Mordaunt has little regard for the disabled
Now it’s worth noting that it was while Penny Mordaunt was Minister for Disabled People that the UN issued a report lambasting the UK for committing ‘systematic violations of the rights of disabled people.’
Before I start, here are a few key votes that the supposed saviour of disabled people, cast in the House of Commons. Click here for source
- 11 Feb 2014: Voted NOT to investigate the impact of austerity measures on the incidence of poverty and inequality.
- 4 June 2015: Voted in favour of proposed spending cuts and changes to the welfare system and in favour of spending on new nuclear weapons.
- 27 October 2015: Voted to remove the “work-related activity component” from the Employment and Support Allowance.
- 8 June 2016: voted for reductions in benefits for disabled and ill claimants who are deemed capable of work.
- 16 November 2016: Voted in favour of reductions to the work allowance element of universal credit and reductions to employment and support allowance and against analysing how changes impact those in different incomes.
Does this look like someone who can advocate for disabled people? In my opinion no.
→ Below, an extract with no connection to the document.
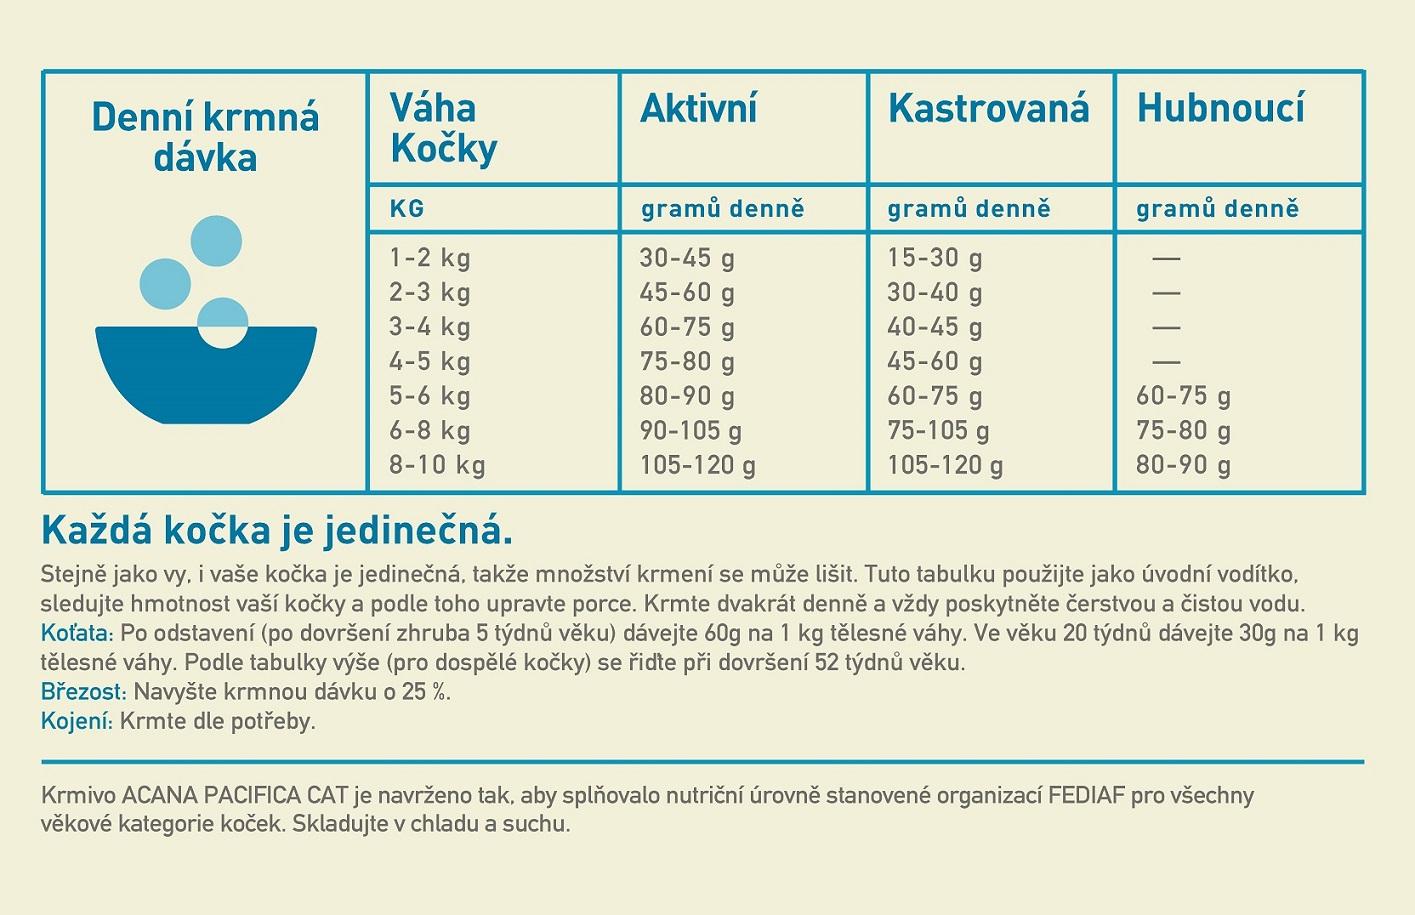 acana-cat-pacifica-1-8-kg-b

She removed the £30 disability premium and twice voted against analysing how this might impact people.
Yet now she is attempting to advocate for those in developing countries when the Tories are turning ours into one.
This is little more than grandstanding by the Tories to try and look good on disability rights.
Almost daily they are losing court cases and facing investigations over their treatment of some of the most vulnerable in society.
A Brexit Secretary who doesn’t like human rights laws, a Work and Pensions Secretary who well just cannot think of enough ways to target anyone not able to work and rounding off the Brexit Trinity is Penny Mordaunt who talks big on disability rights then votes another.
While I hope that progress is made on improving disability rights in developing countries it is absolutely farcical that the UK is a co-host given its current state of affairs.